The fact that the symptoms of ME tend to fluctuate argues against the idea that they are caused by a lack of physical fitness. If the latter played a major role, patients would generally get worse with time and on the whole, they don’t. It’s also hard to explain symptoms like intolerance to alcohol in terms of a lack of fitness or, for that matter, depression.

The most popular theories, which attribute ME/CFS to inactivity, depression and a desire to escape the rat race, cannot explain findings such as the presence of viral particles in the brain and muscles, the high rates of allergic type reactions and the evidence of immunological dysfunction (CIBA Symposium 173, Wiley and Sons, 1993).

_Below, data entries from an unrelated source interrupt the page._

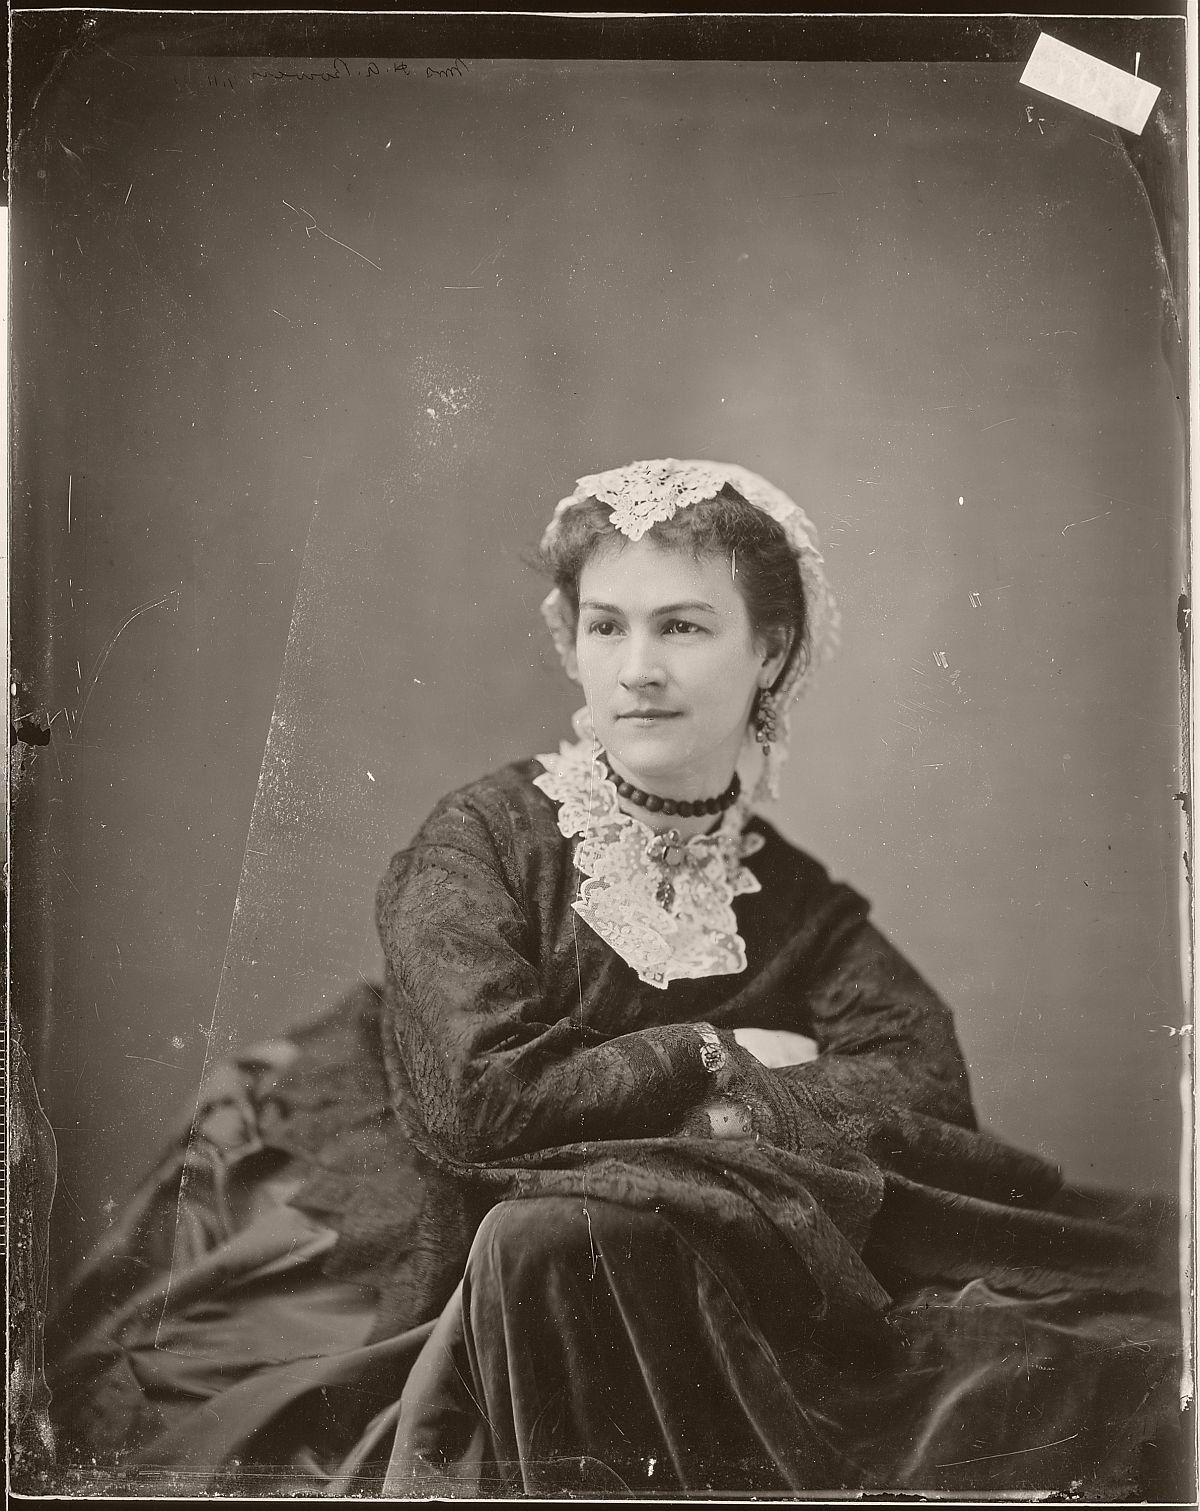 Photo by by Mathew Brady (1863)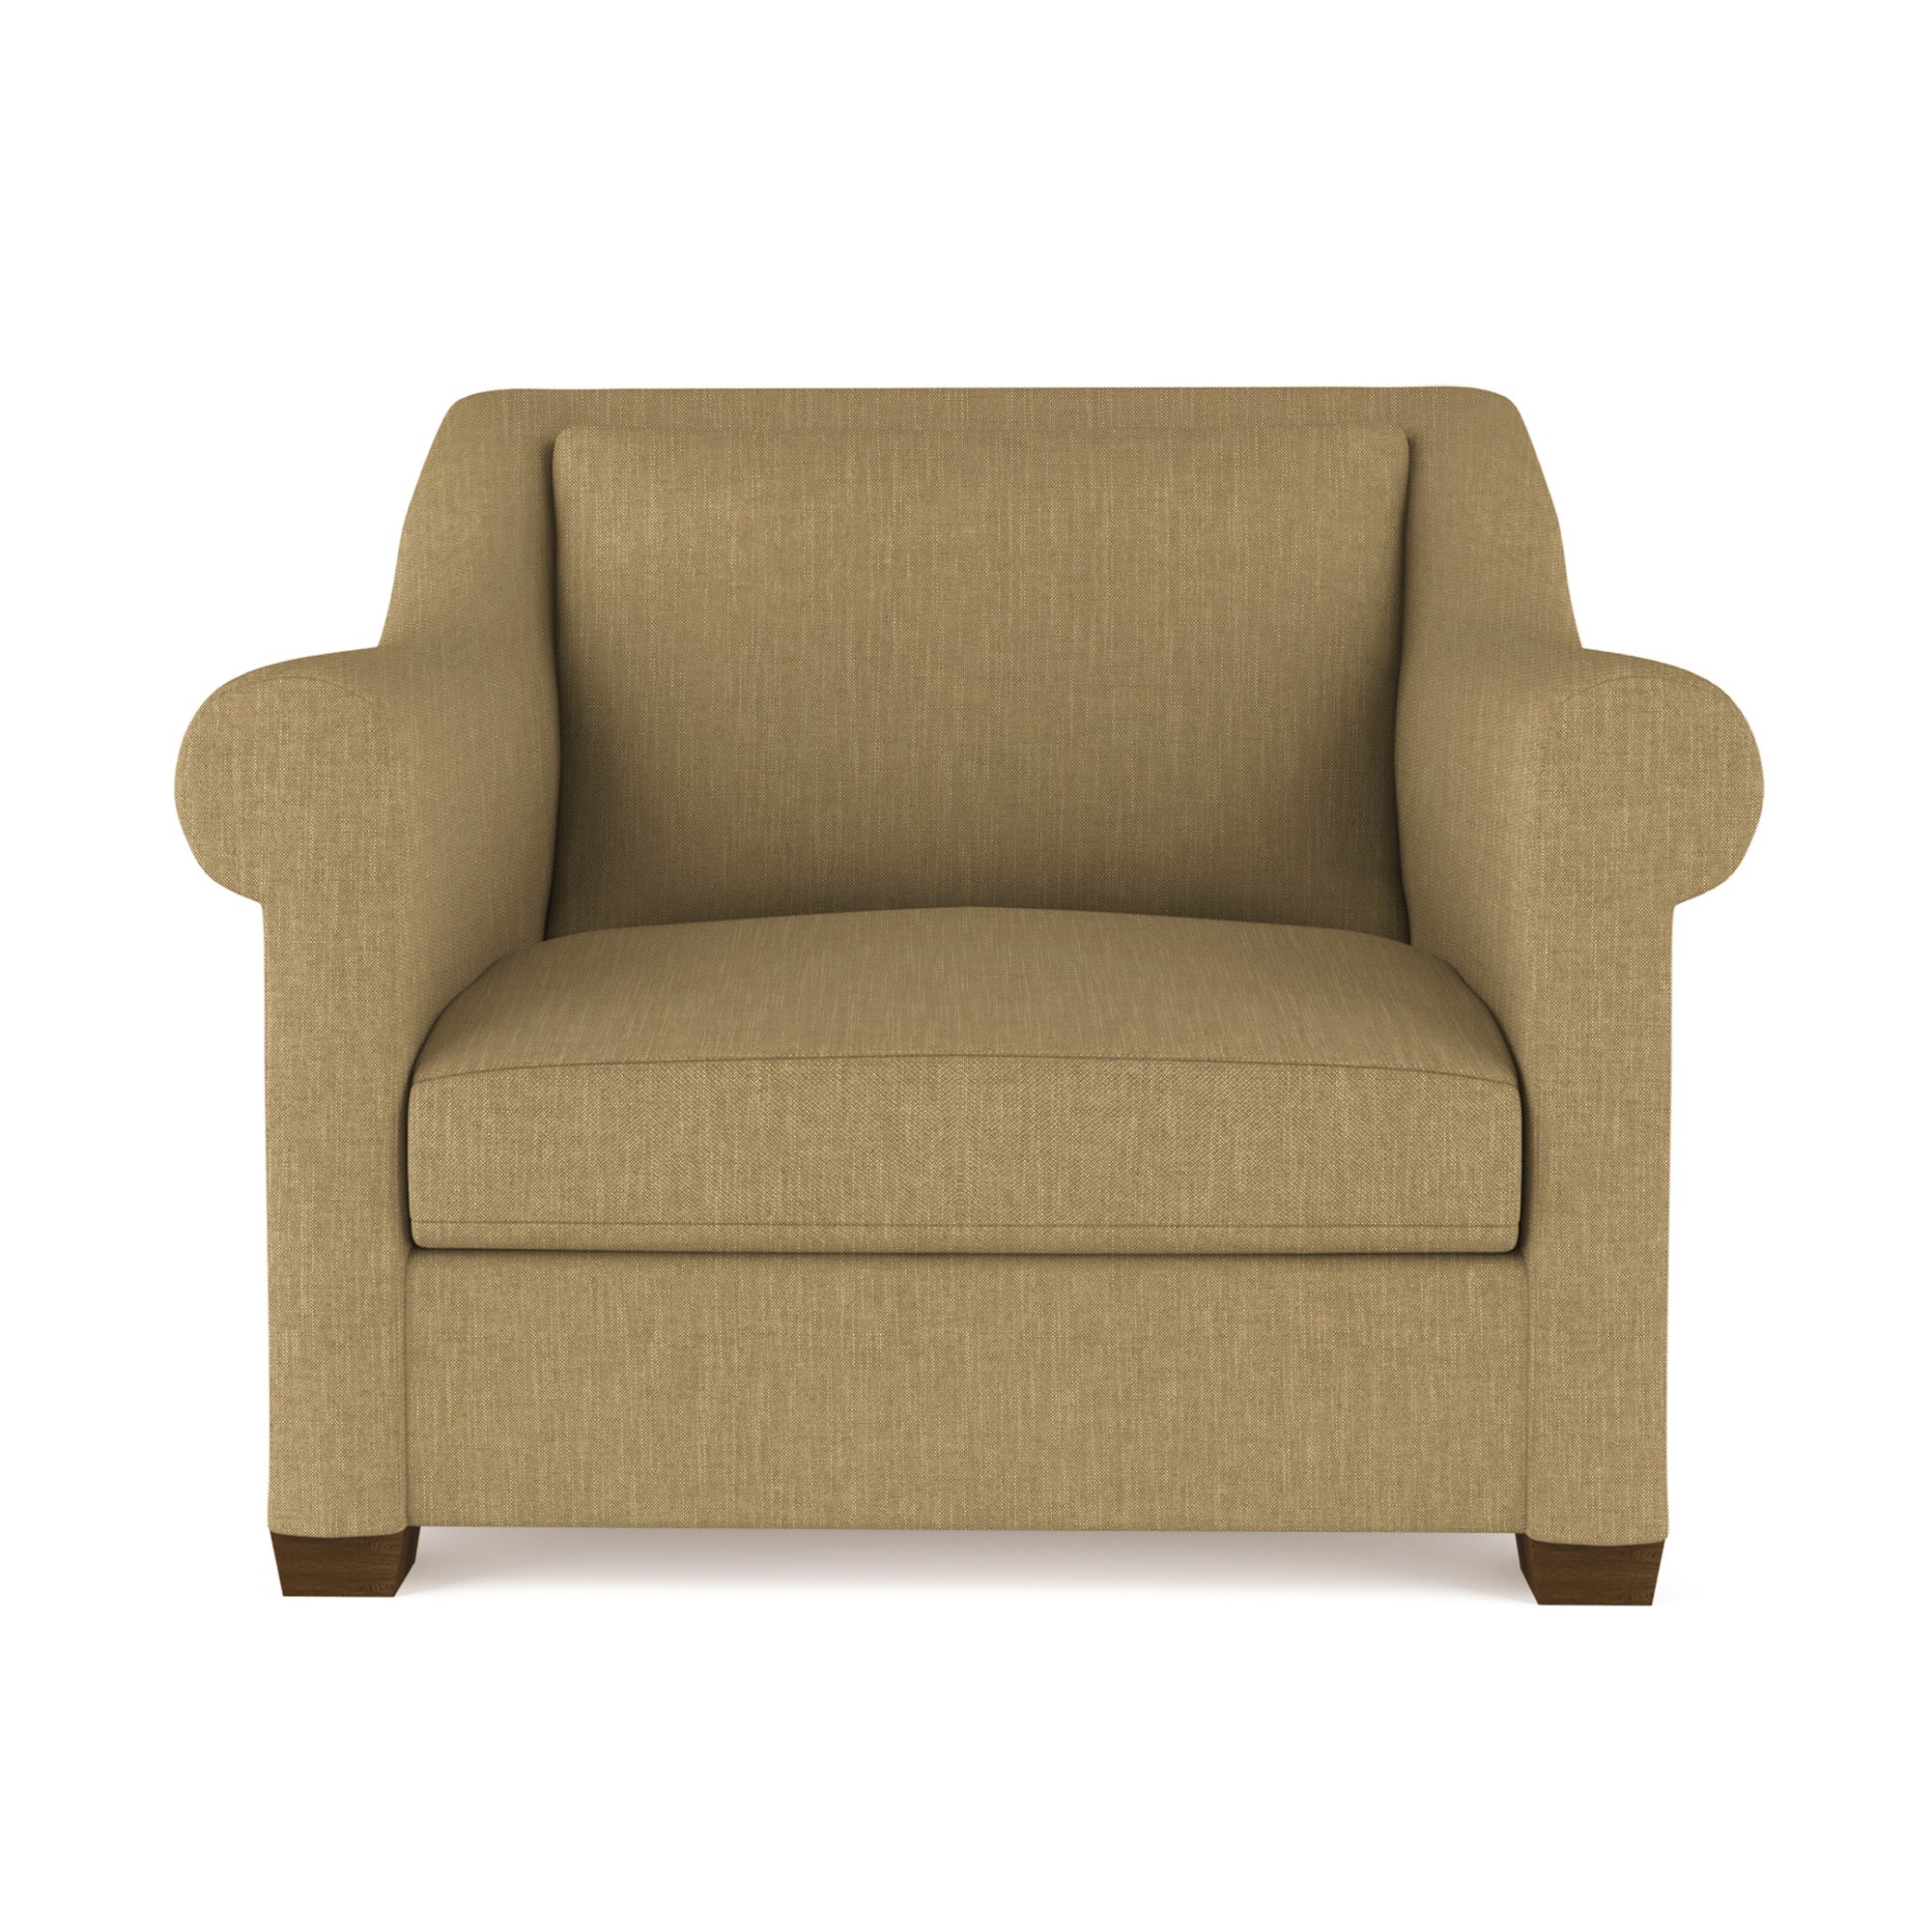 Thompson Chair - Marzipan Box Weave Linen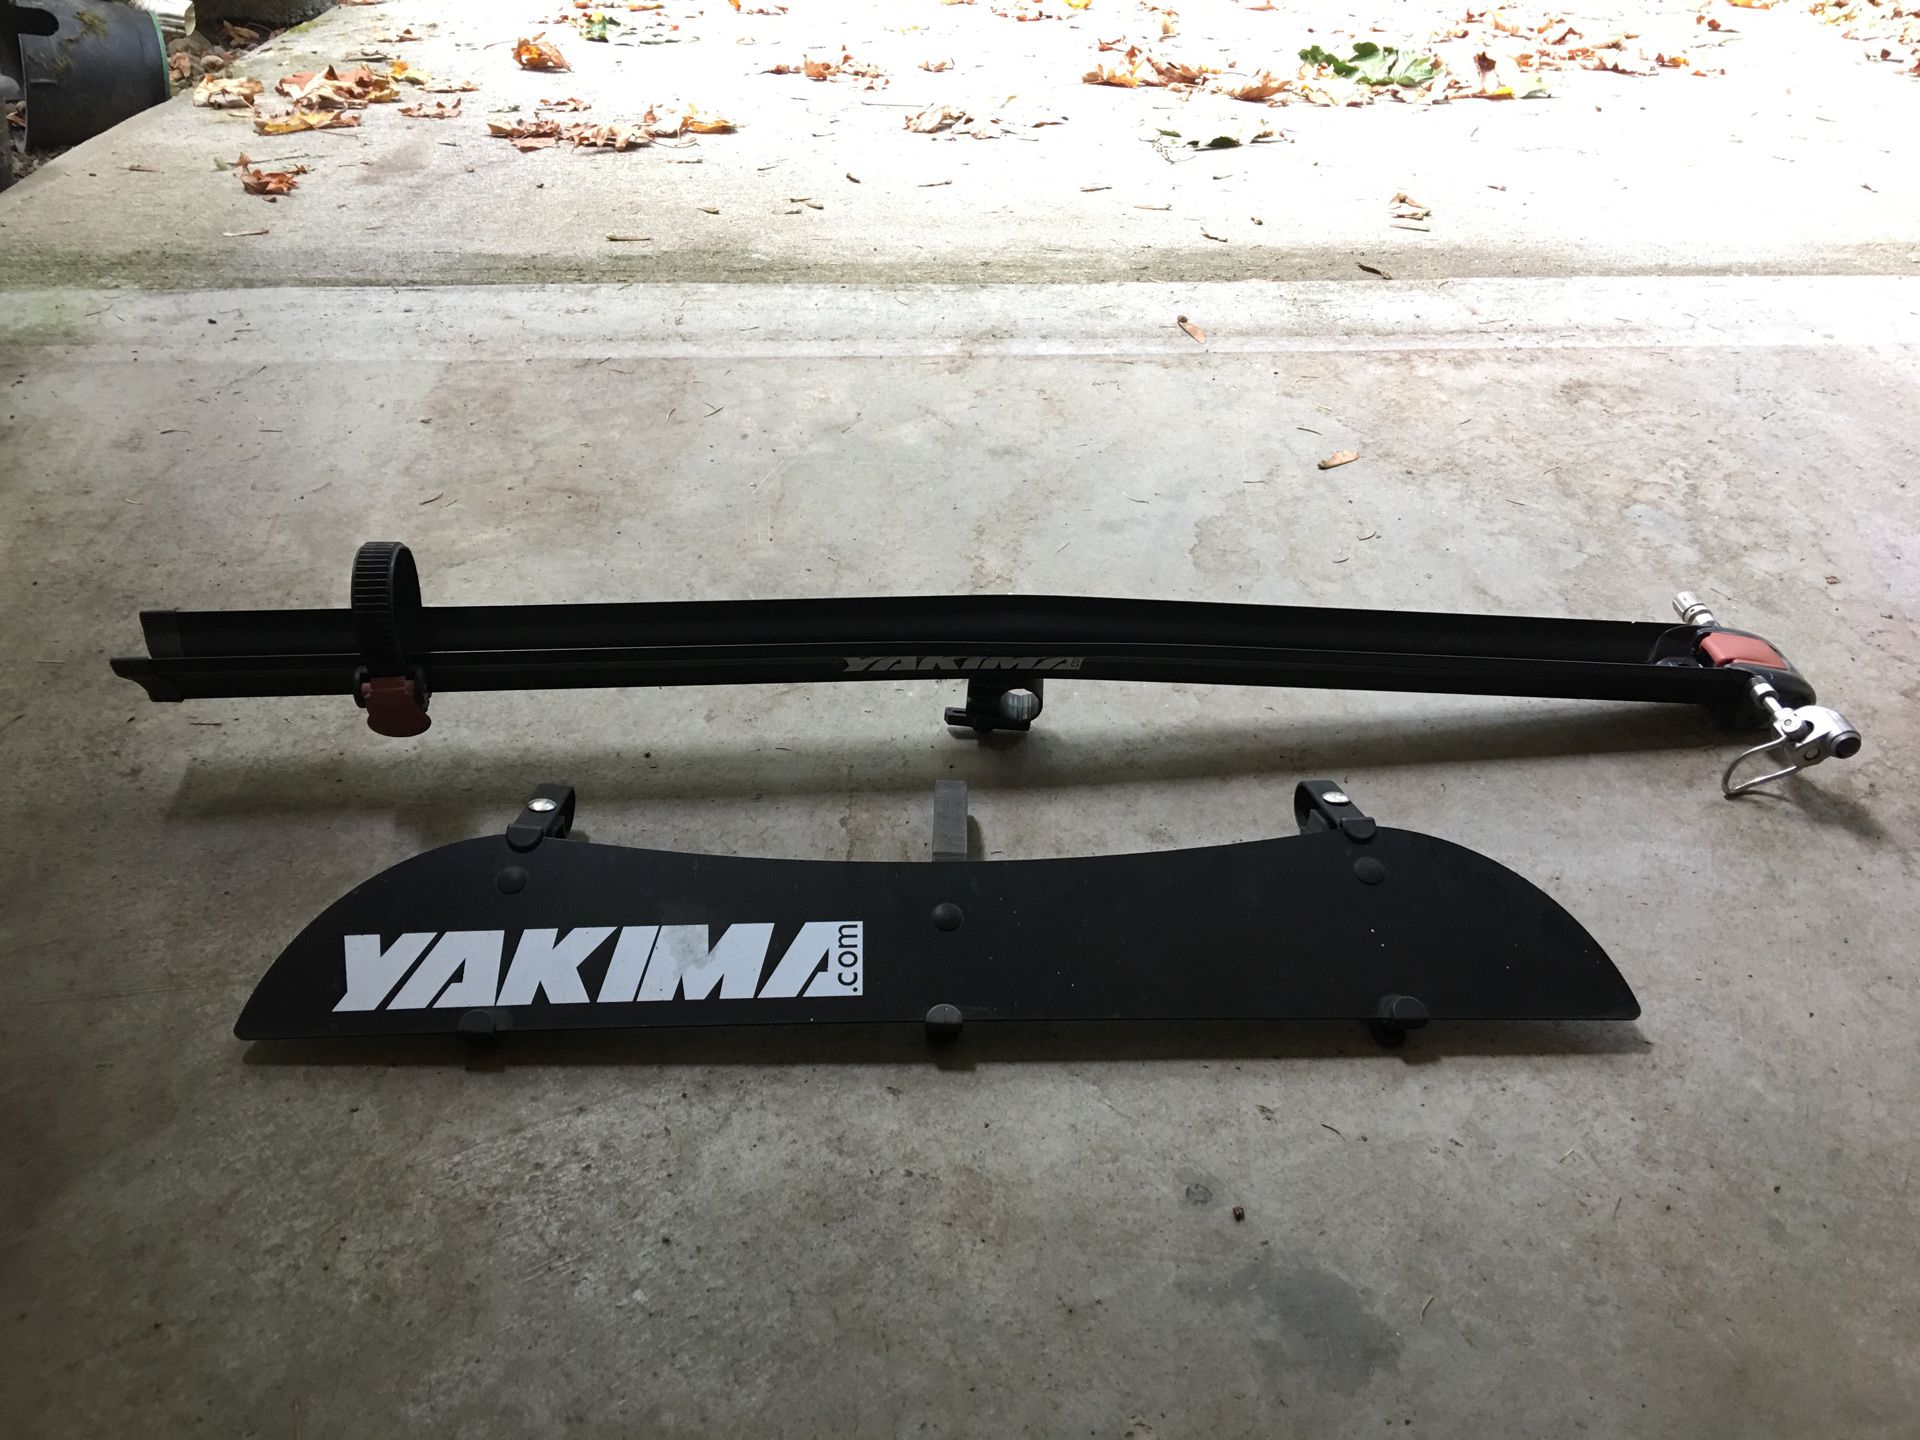 Yakima bike rack and fairing

Unfortunately, if we don’t distinguish between CFS and ME it’s unlikely that we will find out much more about the latter. This is because out of 100 patients with CFS diagnosed according to the current British criteria, perhaps only 5 will have ME. Thus if 90 per cent of the ME group have a physical abnormality, this will constitute only 4 per cent of the whole sample. Observers will rightly note that the finding is untypical of people with CFS and it will be dismissed.

To summarize, CFS is a scientific nightmare which confuses doctors and makes the interpretation of research near impossible. As scientists, we should consider all the evidence, and at the moment, we are losing a lot of information by not keeping disorders like ME and fibromyalgia separate. ME deserves to be taken seriously. CFS will stop us from doing just that.